В голосе Андрея Николаевича звучал ужас, и весь он казался таким маленьким и придавленным. Спина согнулась, выставив острые лопатки, тонкие, худые пальцы, не знающие грубого труда, бессильно лежали на коленях. Точно все груды бумаг, переписанных на своем веку и им и его отцом, легли на него и давили своей многопудовой тяжестью.
— Так вот всю жизнь и проживешь, — сказал он после долгой паузы, продолжая какую-то свою мысль.
— Вы бы… ушли куда-нибудь.
— Куда идти-то?
Наташа помолчала и вдруг обхватила руками шею Андрея Николаевича и прижала его голову к своей груди.
— Голубчик ты мой!
Первый раз говорила она Андрею Николаевичу «ты». При порывистом движении Наташи фуражка с бархатным околышем свалилась с головы и теперь катилась вниз, подскакивая на неровностях обрыва. Твердая рука Наташи крепко прижимала голову Андрея Николаевича к упругой груди, и ему было тепло и ничего не страшно, только до боли жаль себя. Он хотел сказать что-нибудь сильное, хорошее и такое жалостливое, чтобы Наташа заплакала, но таких слов не находилось на его языке, и он молчал. Согнутой шее становилось больно от неудобного положения, и Андрей Николаевич попытался высвободить свою голову, но твердая рука только сильнее прижала ее к горячей груди. Вдыхая запах молодого, здорового тела, он скосил глаза и из-под руки Наташи увидел очистившееся и потемневшее небо со слабо мерцавшими звездами. Немного ниже, там, где черный край земли сливался со смутно-черным небом, неподвижно висел красный диск луны, казавшийся близким и страшным. Безмолвный, угрюмый, он не издавал лучей и висел над землей, как исполинская угроза каким-то близким, но неведомым бедствием. В немом ужасе застыли река, и болтливый тростник, и черная даль. Костер на том берегу давно уже потух, и ни один звук не нарушал грозной тишины.
Наташа вздрогнула и выпустила голову Андрея Николаевича.
— Ну, пойдем.
Охваченный свежим воздухом, он поднялся и, сделав шаг к Наташе, приготовился сказать ей то важное и значительное, для чего у него не находилось слов.
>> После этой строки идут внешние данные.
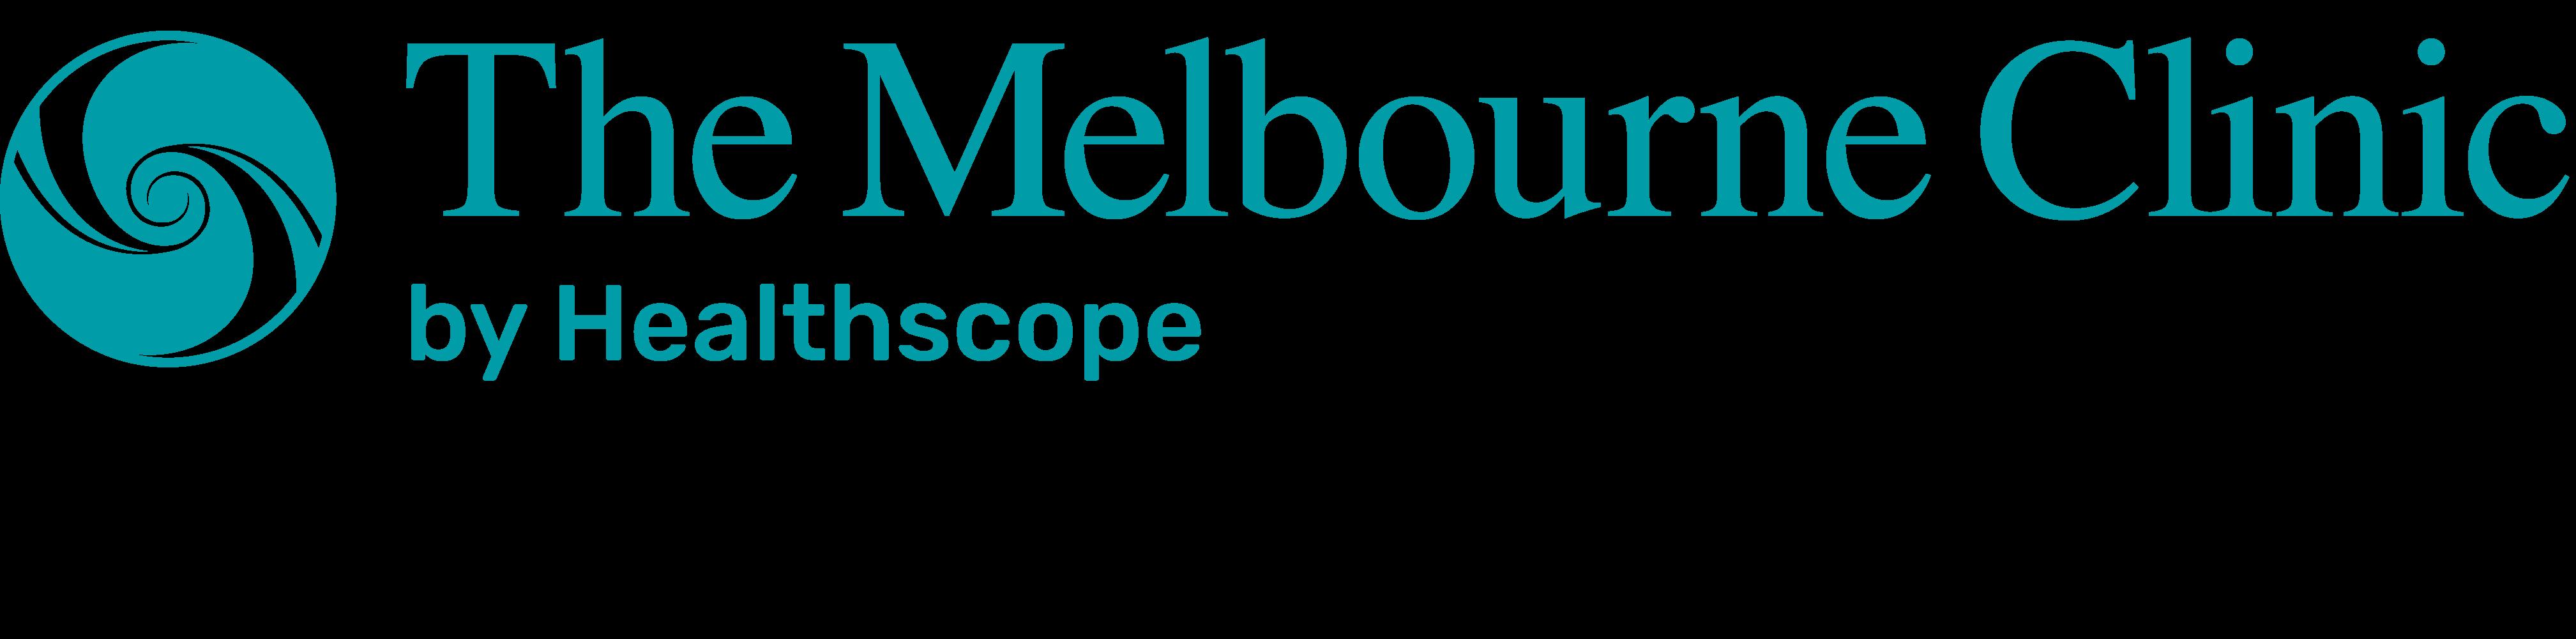 The Melbourne Clinic logo
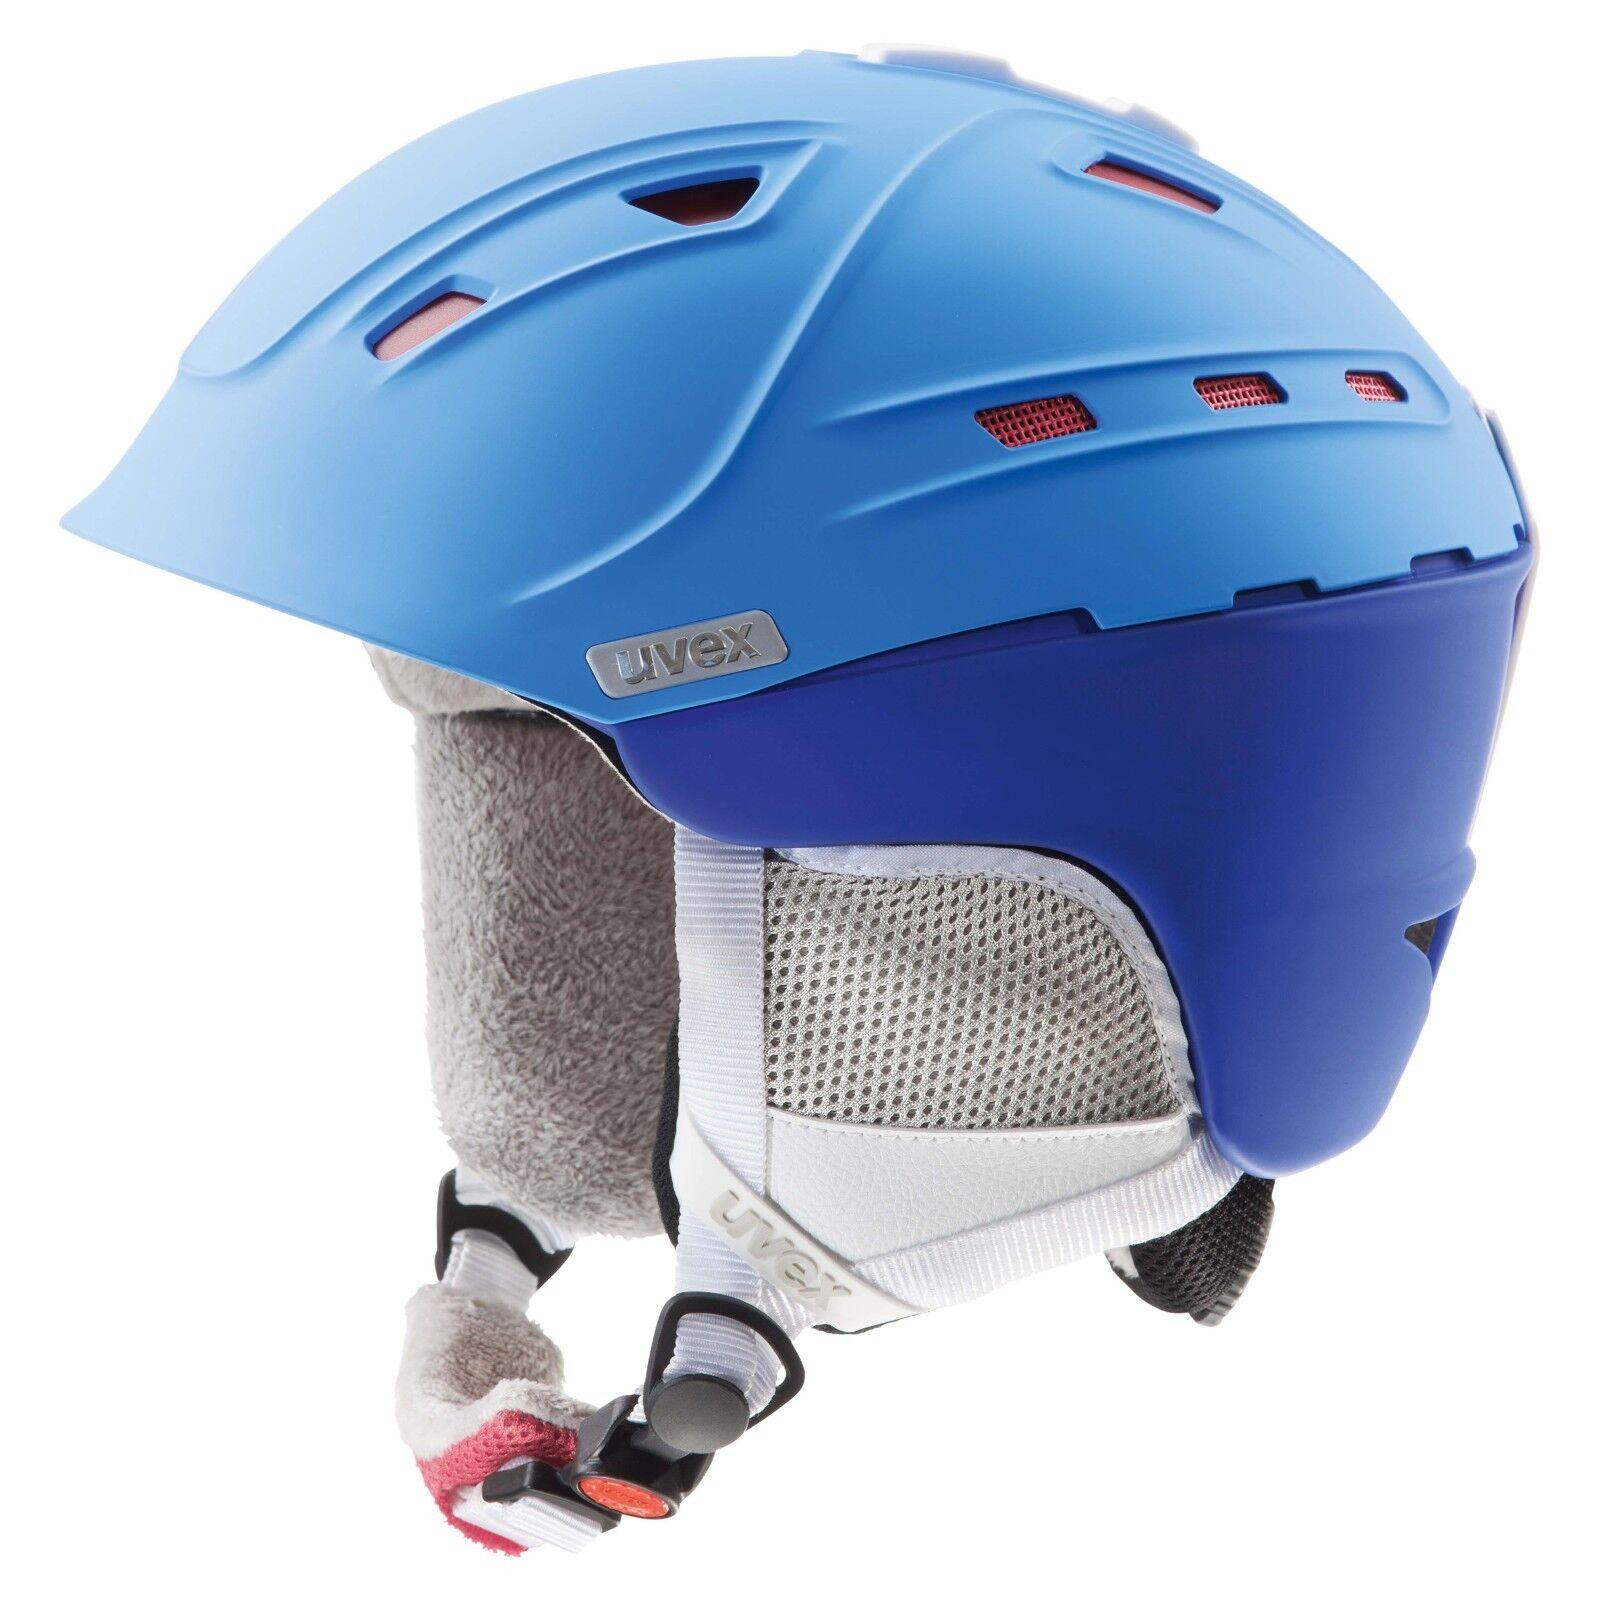 NEW UVEX P2US WL WOMEN'S SKI SNOWBOARD  HELMET blueE-RED MATTE 51-55 and 55-59 cm  most preferential

— Наташа… — начал он нерешительно, приподняв брови и выпятив губы.
Гладко прилизанная голова его была на этот раз всклокочена, и редкие желтые волосики стояли, как у дикобраза.
— Ну?
— Наташа… — повторил он, забыв, что хотел сказать. — Наташа, дело вот в чем…
— Две копейки потеряли? Какой вы смешной! — И Наташа рассмеялась. Смеялась она неприятно, каким-то чужим и неестественным голосом.
Андрей Николаевич обиделся и молча достал фуражку, а дорогой домой выговаривал Наташе за ее смех и упрекал за неуменье держаться в приличном обществе.
Андрей Николаевич сидел у окна и настойчиво смотрел на улицу, но она была так же безлюдна и хмура, и в покосившемся домике продолжала ударять о стену отвязавшаяся ставня, точно загоняя гвозди в чей-то свежий гроб. «Привязать не может!» — подумал Андрей Николаевич с гневом на Наташу и, взглянув на часы, убедился, что ему время обедать и даже прошло уже лишних пять минут. После обеда он лег отдохнуть, но сон долго не приходил, и вообще праздник был испорчен. А за перегородкой, точно назло, храпел Федор Иванович, и воздух бурлил в его горле и с шипением выходил наружу.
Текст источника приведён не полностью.